Another limitation of the current research is that data for other variables that may influence the likelihood of crime occurrence were not available for analysis, and hence not explicitly included in the models (though we attempted to estimate their influence using a spatial lag term). For example, in a series of studies that involved the collection of rich data at the street segment level, Weisburd et al. (2012) found that factors such as ethnic heterogeneity and other indicators of social disorganization were associated with crime risk (see also Weisburd et al. 2014). These latter studies, however, did not examine the influence of the street network in the way described here, and hence future studies might aim to combine these two approaches to provide a still more complete understanding of what factors influence crime risk at the street segment level, and if and how these factors interact.
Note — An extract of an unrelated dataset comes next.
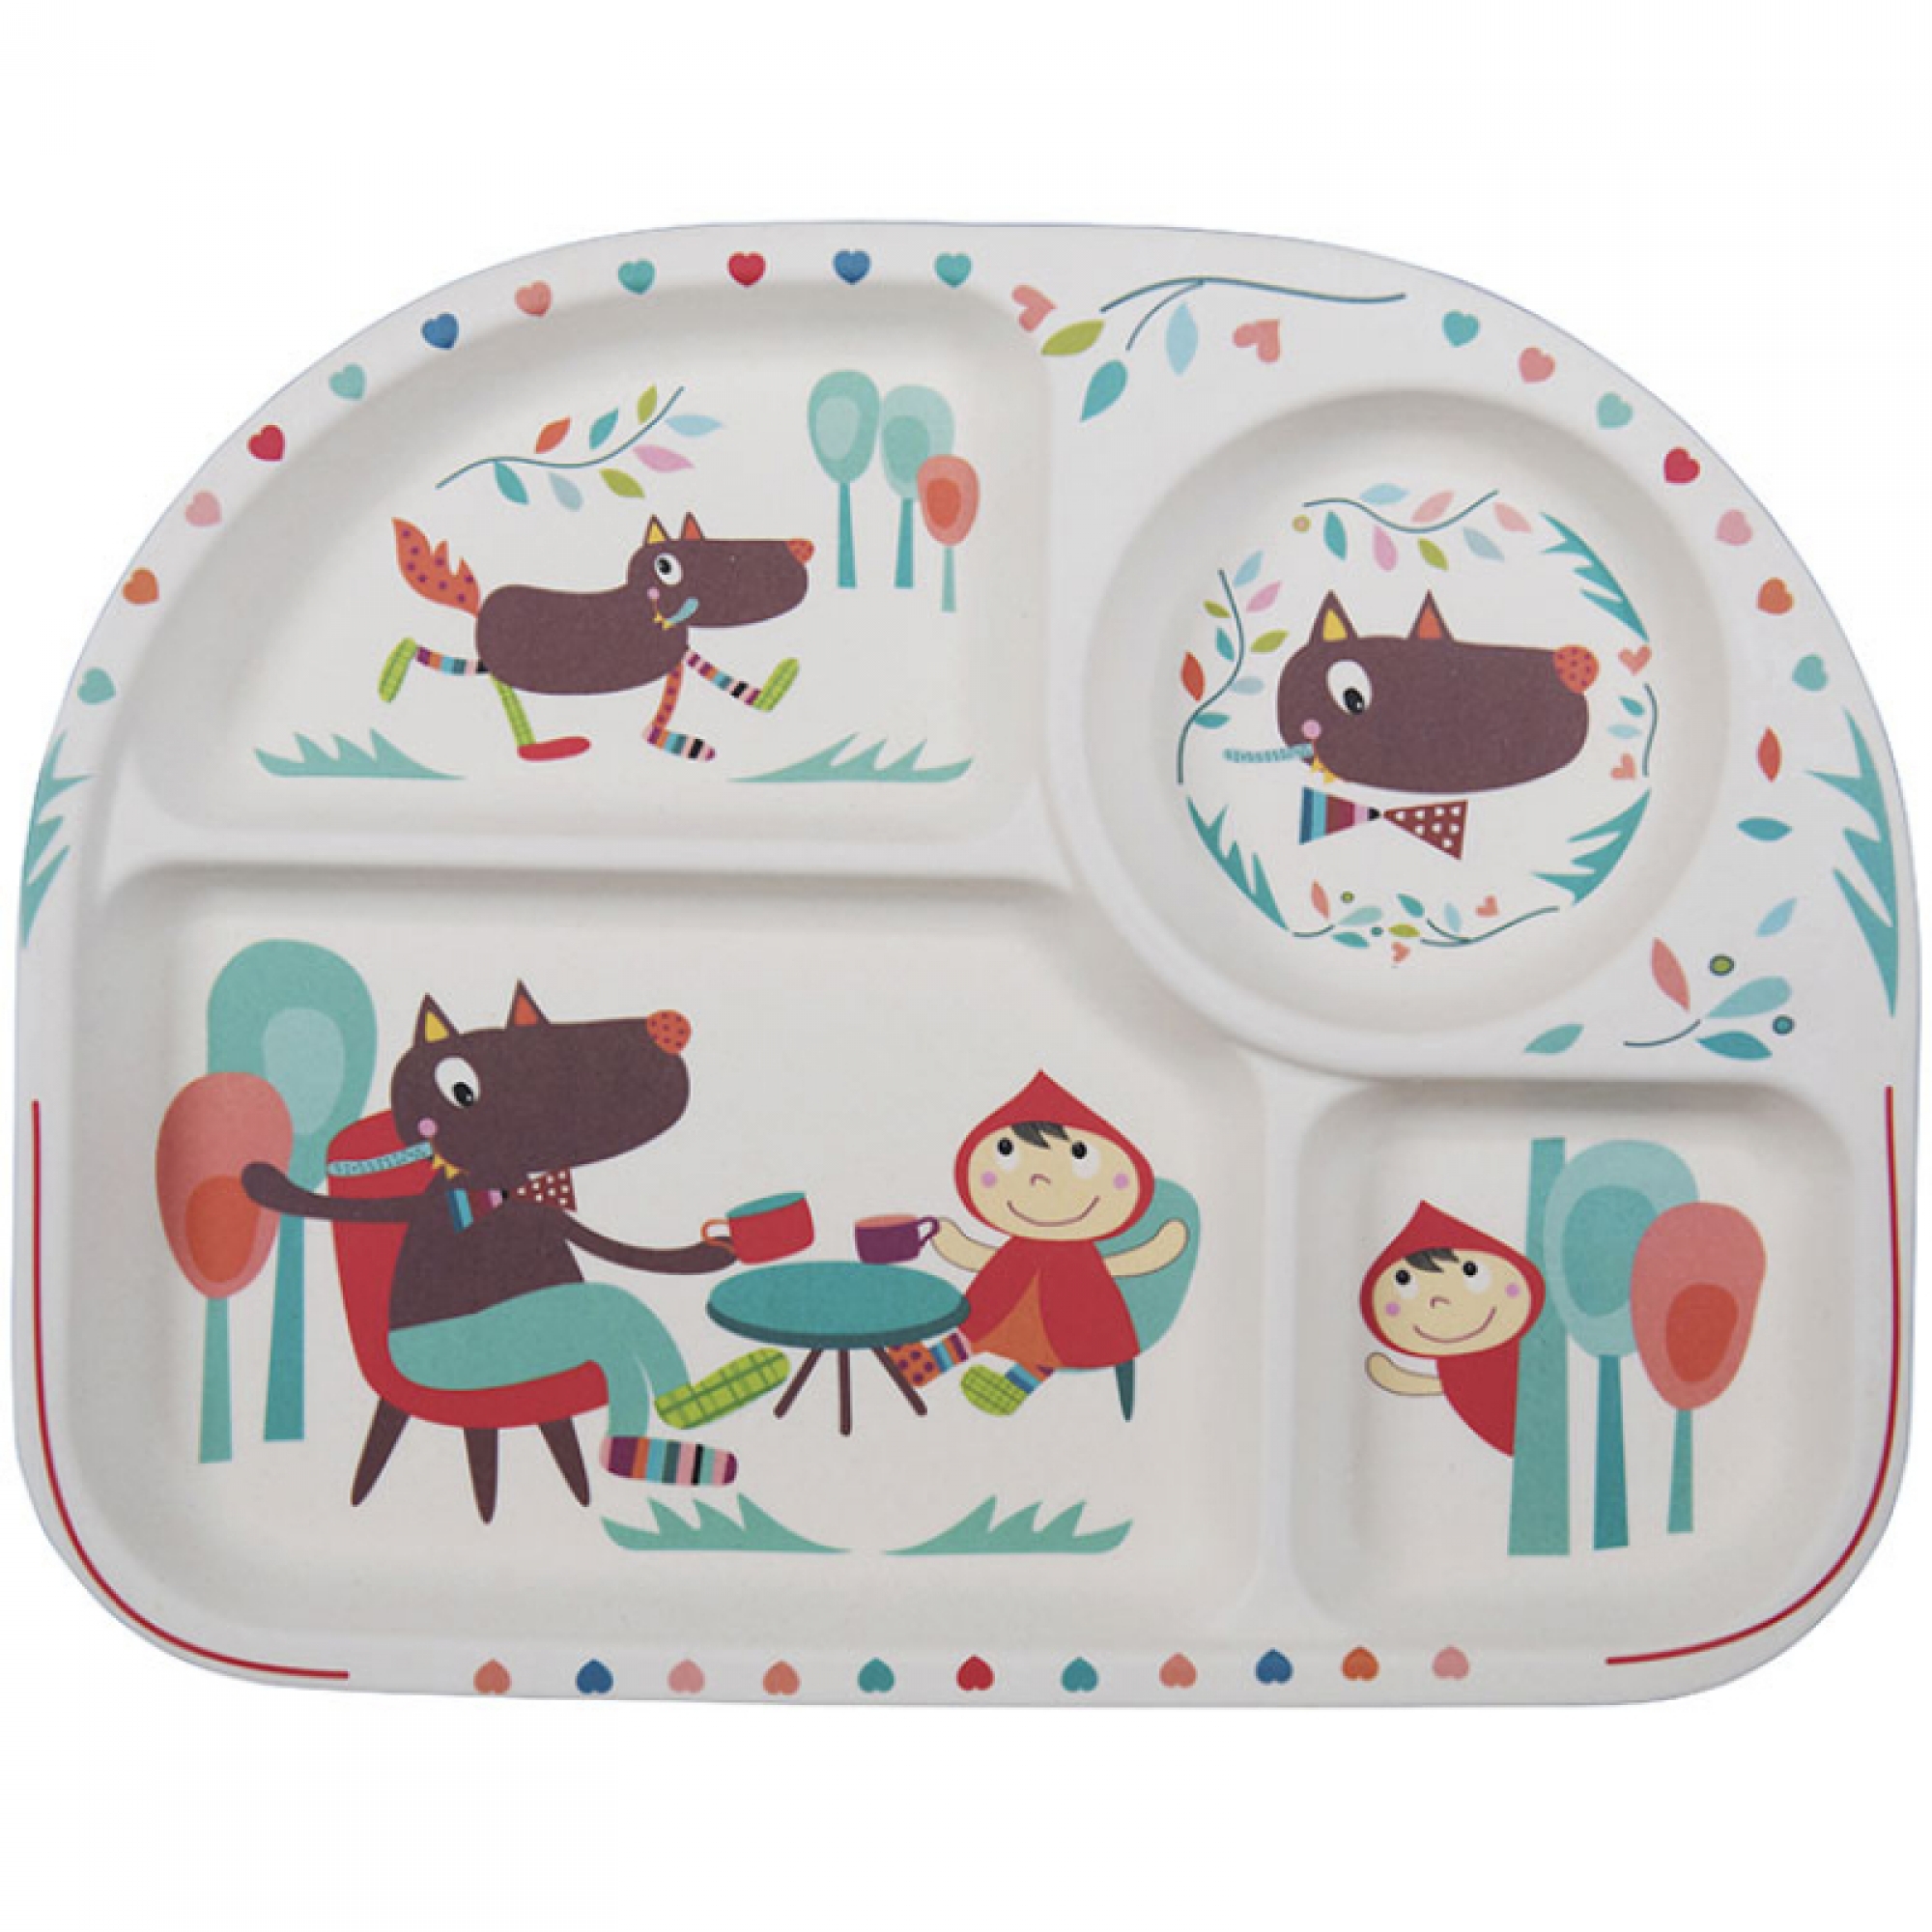 Ebulobo Assiette Compartiment Bambou T Es Fou Louloup Made In Bebe

Neighborhood-level variables and their effect on OSV might also be examined in the future, using a hierarchical modeling framework. Some authors have argued this approach better approximates the spatial decision making process of offenders, which is thought to consist of “a series of spatially nested choices” (Taylor and Gottfredson 1986: 395–396). In this way, an offender may select a neighborhood in the first instance, and then make subsequent decisions as to which street, and eventually individual target, to select. Such an approach has been adopted for the crime of burglary (Davies and Johnson 2015; Johnson and Bowers 2010) but no studies have used such an approach for other forms of crime. This was not possible in the current study as such models are difficult to specify for zero-inflated models and not available in most software packages.

As with any other study, the issue of external validity applies. It is possible that the findings reported are not applicable to other crime types, or locations. The fact that most of the results are largely consistent with previous research is encouraging, but replication will be required before the external validity of the findings can be established. To conclude, the current study suggests that, after controlling for other factors (observed and estimated), both the configuration of the street network and the spatial distribution of commercial land uses systematically influence the placement of OSV. This is an important finding since previous research has either considered only the effect of the street network or that of land use on the spatial distribution of crime, but not both within a single study. Overall, the research provides further support for theories of environmental criminology and, importantly, suggests their utility in explaining the spatial distribution of expressive as well as acquisitive crimes.